Garland ordered Conlon to stop. He slammed on the brakes and the lorry slewed sideways on ice.
“Fuckin' Jaysus!” someone gasped.
The men on the roadside were carrying a mine wrapped in a flowered quilt. Garland spoke with them from the back of the lorry. “Haven't seen the other crowd at all,” one man said in response to his query about Daly. “They're probably waiting for
you up ahead somewhere. Here, would you take this? We have to make a move, we've been here too long already.”
Garland reached down and lifted the mine into the truck. The other Volunteers quickly edged away from him.
A hundred yards farther on, Garland directed Conlon to a dirt track that branched off from the main road. “This will take us to a hill behind the barracks. There's no guard post there. We can park without being seen, then sneak around on foot and blow the gate. If Daly's anywhere in the area he'll hear the explosion and come at the double.”
As they started up the hill, Conlon throttled down to the lowest gear.
The headlamps promptly failed.
In the darkness they did not realise they were parking below a watchtower that had been erected since Garland's days at the barracks. The sentry in the tower peeped over the edge. After one glimpse of the invaders, he fired his rifle into the air and ducked back down out of sight.
A Klaxon blared. Lights shone from every window. Officers could be heard shouting orders and a five-man patrol came running along the wall, weapons at the ready.
Seán Garland tossed the mine out the back of the lorry. “Let's get the hell out of here!”

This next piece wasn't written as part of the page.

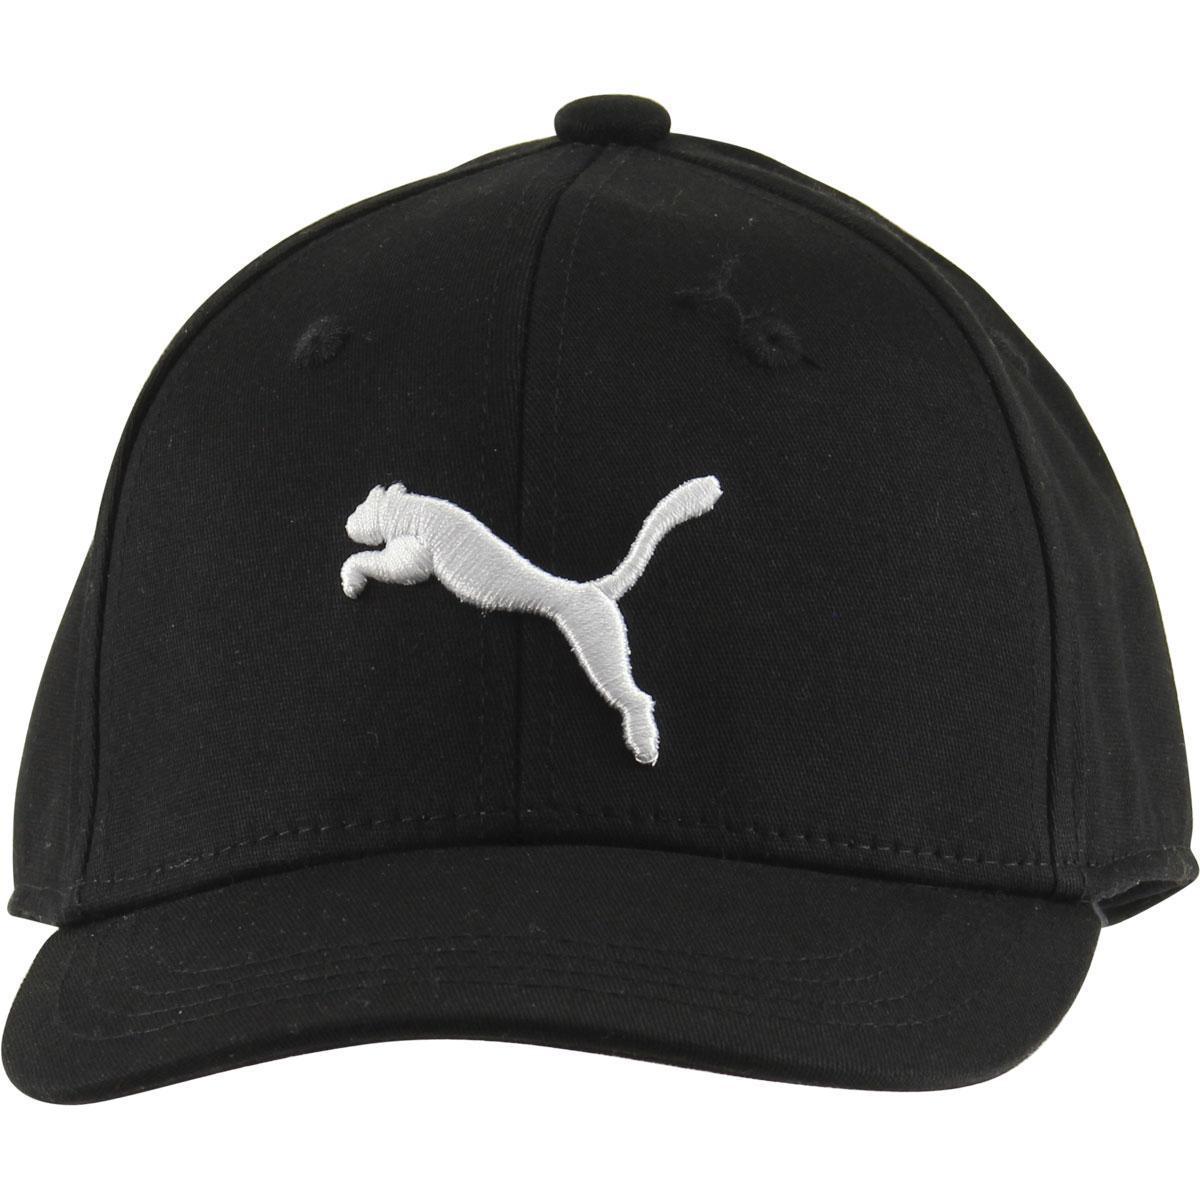 Puma Boy s Youth Evercat Anthem Stretch Fit Baseball Cap Hat 967f43cd5a8

His men sprayed the barracks wall with bullets as the truck lurched away. When it built up enough speed the headlamps came on again.
Seán Garland was cursing under his breath. “They're too well prepared, damn them. Didn't used to be that way.”
Halfway to the main road they met another truck coming toward them. The access road was too narrow to allow the two vehicles to pass each other. Brakes squealed.
The driver of the second lorry stuck his head out the window and called, “Garland, is that you?”

W
E didn't even get out of the lorry,” Feargal complained.
“Don't worry,” Barry consoled his friend. “I'm sure we'll see plenty of action soon.”
Privately his disappointment was intense. The high excitement
of anticipation, the sudden burst of adrenaline when things began to happen, the racing blood, the pounding heart, and then … and then nothing.
Damn, damn, damn it!
T
HE attack on Gough Barracks had to be abandoned, but at midnight ten other targets, in a ring from Antrim to Derry, were hit. In spite of a substantial network of paid informers, the RUC did not have adequate warning. Operation Harvest began with the chatter of machine guns and the roar of explosives.
A raiding party destroyed a BBC transmitting station. After moving the caretaker and his family to safety outside, another group set fire to a courthouse full of government documents. A post used by B-Specials was burned to the ground. Originally recruited under orders from Winston Churchill, the B-Specials were a fanatically pro-British militia with a taste for violence. Although they were called “police reservists,” this was only a flag of convenience. In reality the B-Specials dispensed punishment as they saw fit and had a well-earned reputation for savagery to Catholics.